I am trying to implement Disjoint Sets for use in Kruskal's algorithm, but I am having trouble understanding exactly how it should be done and in particular, how to manage the forest of trees. After reading the Wikipedia description of Disjoint Sets and after reading the description in Introduction to Algorithms (Cormen et al) I have come up with the following:
class DisjointSet
{
public:
class Node
{
public:
int data;
int rank;
Node* parent;
Node() : data(0),
rank(0),
parent(this) { } // the constructor does MakeSet
};
Node* find(Node*);
Node* merge(Node*, Node*); // Union
};
DisjointSet::Node* DisjointSet::find(DisjointSet::Node* n)
{
if (n != n->parent) {
n->parent = find(n->parent);
}
return n->parent;
}
DisjointSet::Node* DisjointSet::merge(DisjointSet::Node* x,
DisjointSet::Node* y)
{
x = find(x);
y = find(y);
if (x->rank > y->rank) {
y->parent = x;
} else {
x->parent = y;
if (x->rank == y->rank) {
++(y->rank);
}
}
}
I am pretty sure this is incomplete though and that I am missing something.

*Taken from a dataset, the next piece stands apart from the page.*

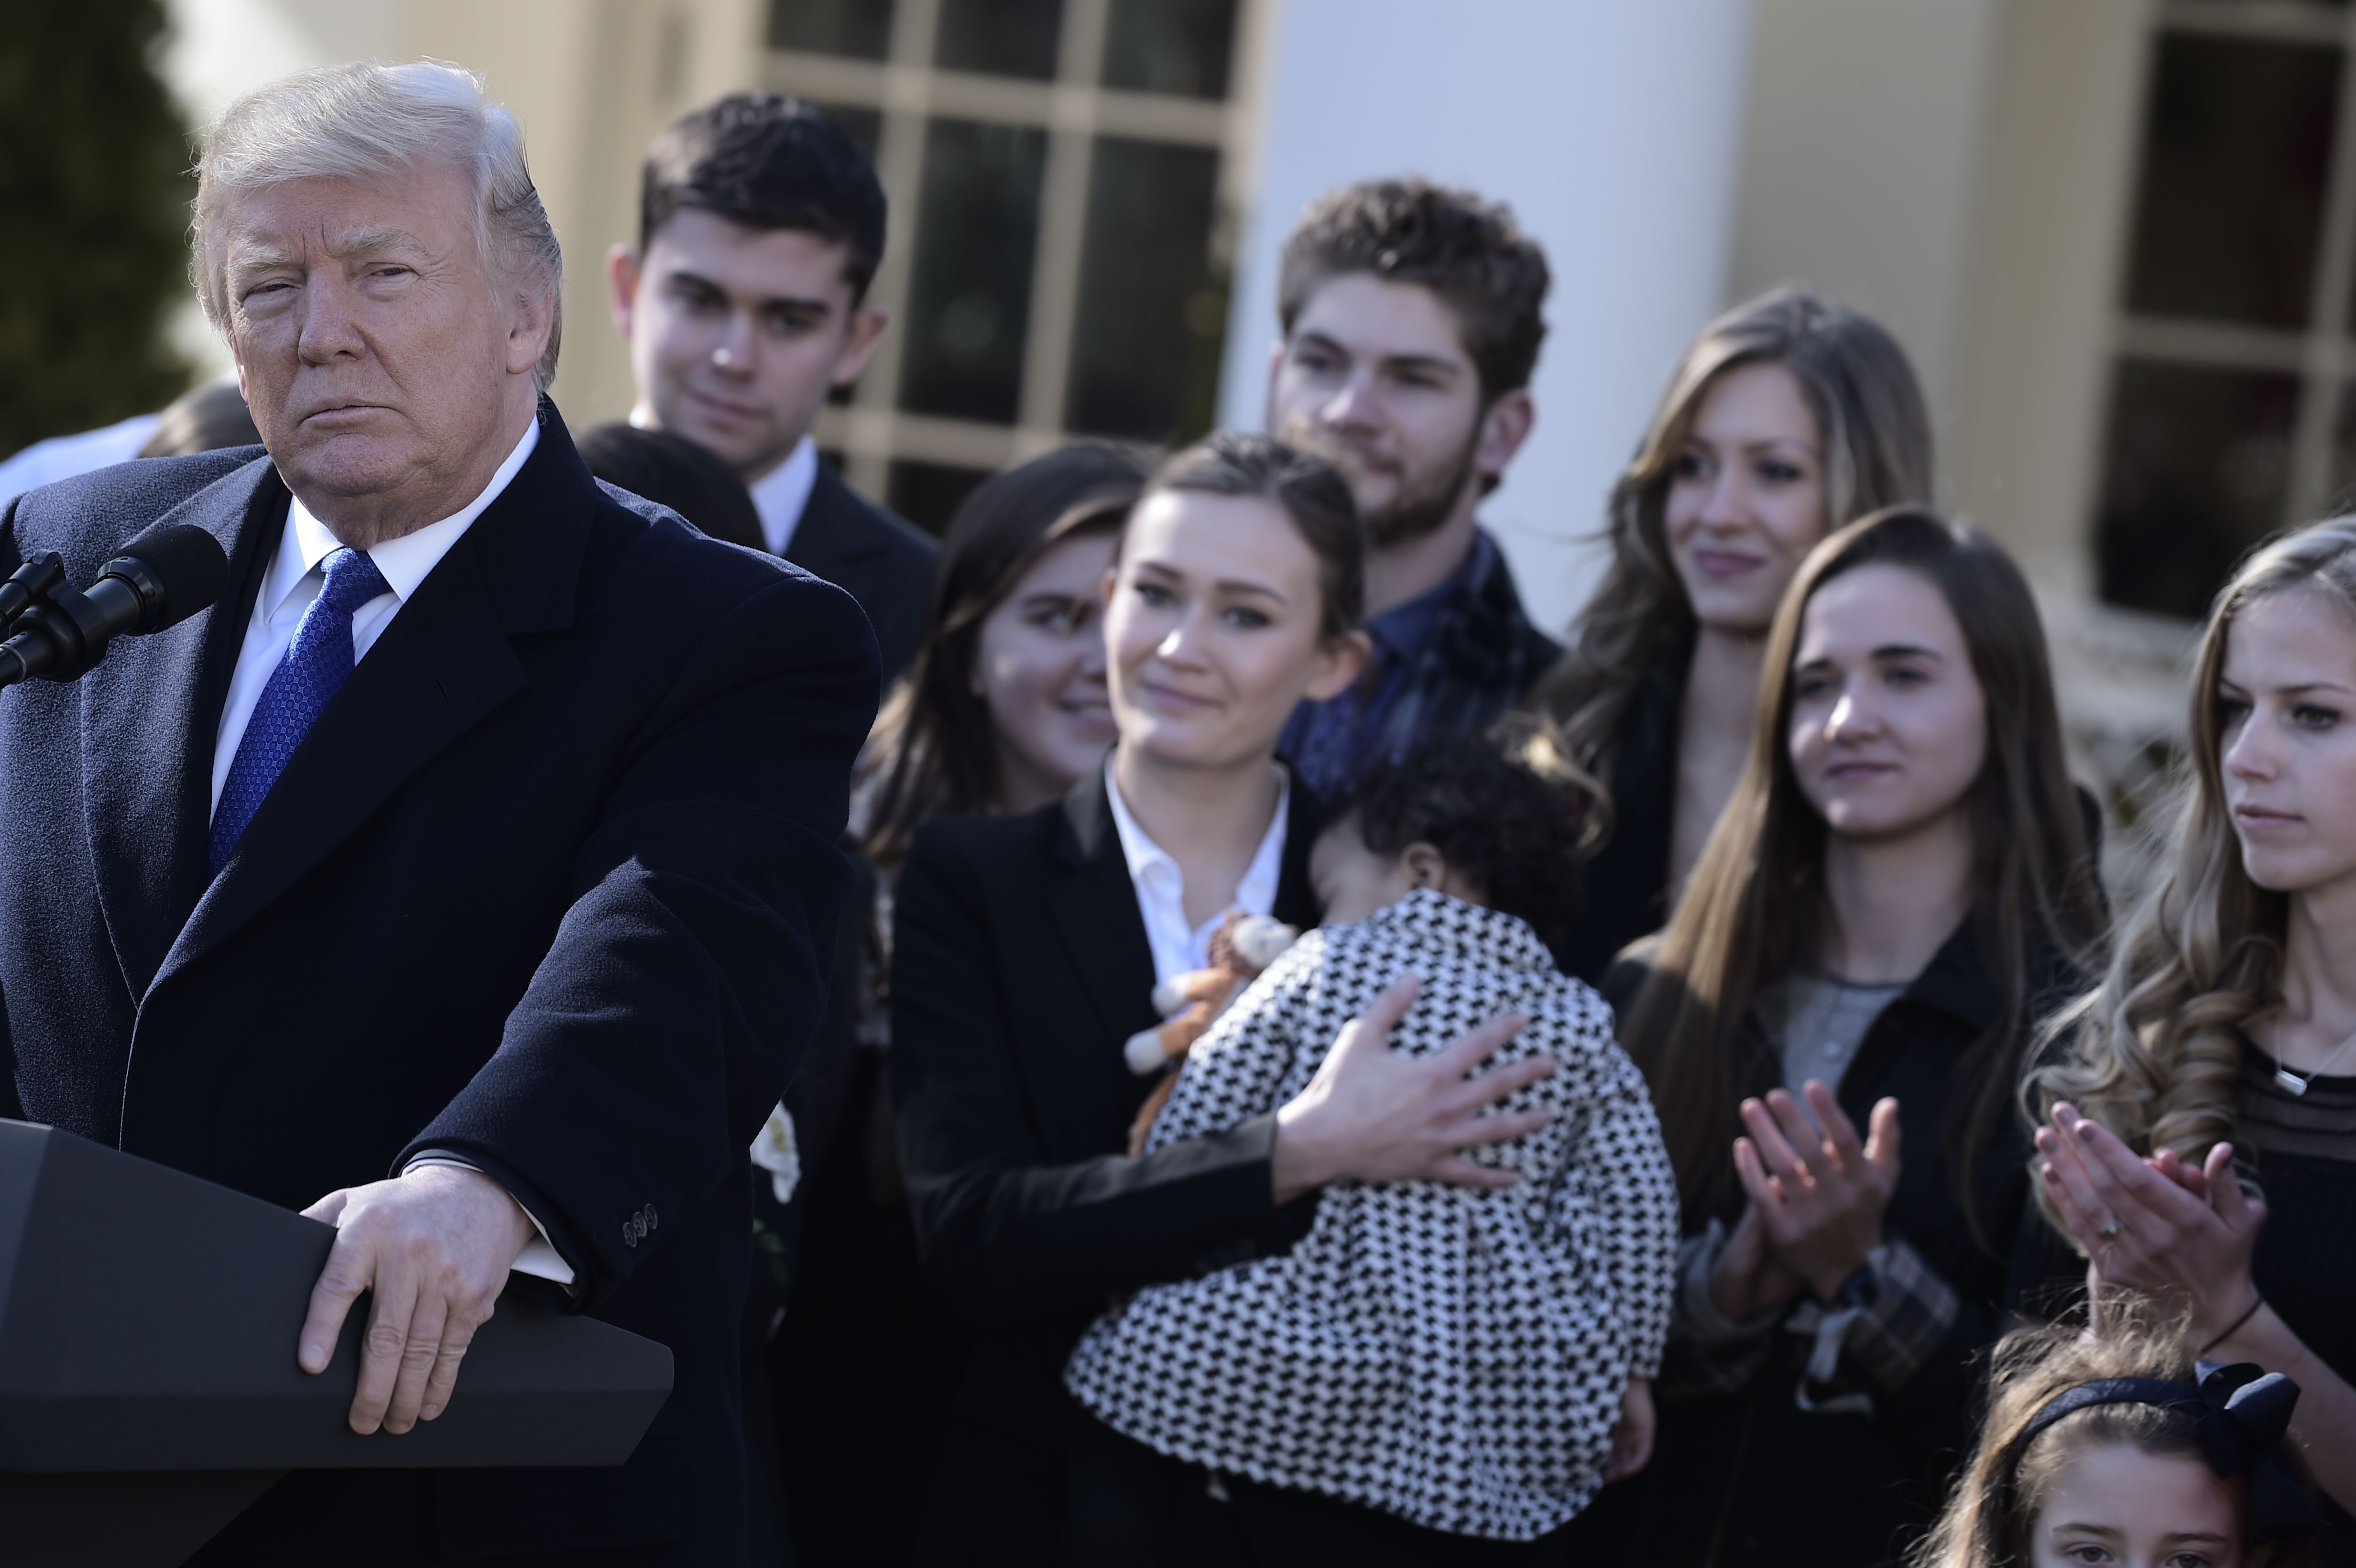 US President Donald Trump speaks live via video link to the annual "March for Life" participants and anti-abortion leaders on January 19, 2018 from the White House in Washington,DC. The 45th edition of the rally, which describes itself as "the world's largest pro-life event," takes place on the National Mall -- with other scheduled speakers including House Speaker Paul Ryan. / AFP PHOTO / Brendan SMIALOWSKI (Photo credit should read BRENDAN SMIALOWSKI/AFP/Getty Images)

Introduction to Algorithms mentions that there should be a forest of trees, but it does not give any explanation for a practical implementation of this forest. I watched CS 61B Lecture 31: Disjoint Sets ( http://www.youtube.com/watch?v=wSPAjGfDl7Q ) and here the lecturer uses only an array to store both the forest and all its trees and values. There is no explicit 'Node' type of class as I have, mentioned. I have also found many other sources (I cannot post more than one link), which also use this technique. I would be happy to do this, except that this relies on the indices of the array for lookup and since I want to store values of type other than int, I need to use something else (std::map comes to mind).
Another issue that I am unsure about is memory allocation because I am using C++. I am storing trees of pointers and my MakeSet operation will be: new DisjointSet::Node; . Now, these Nodes only have pointers to their parents, so I'm not sure how to find the bottom of a tree. How will I be able to traverse my trees to deallocate them all?
I understand the basic concept of this data structure, but I'm just a bit confused about the implementation. Any advice and suggestions would be most welcome, thank you.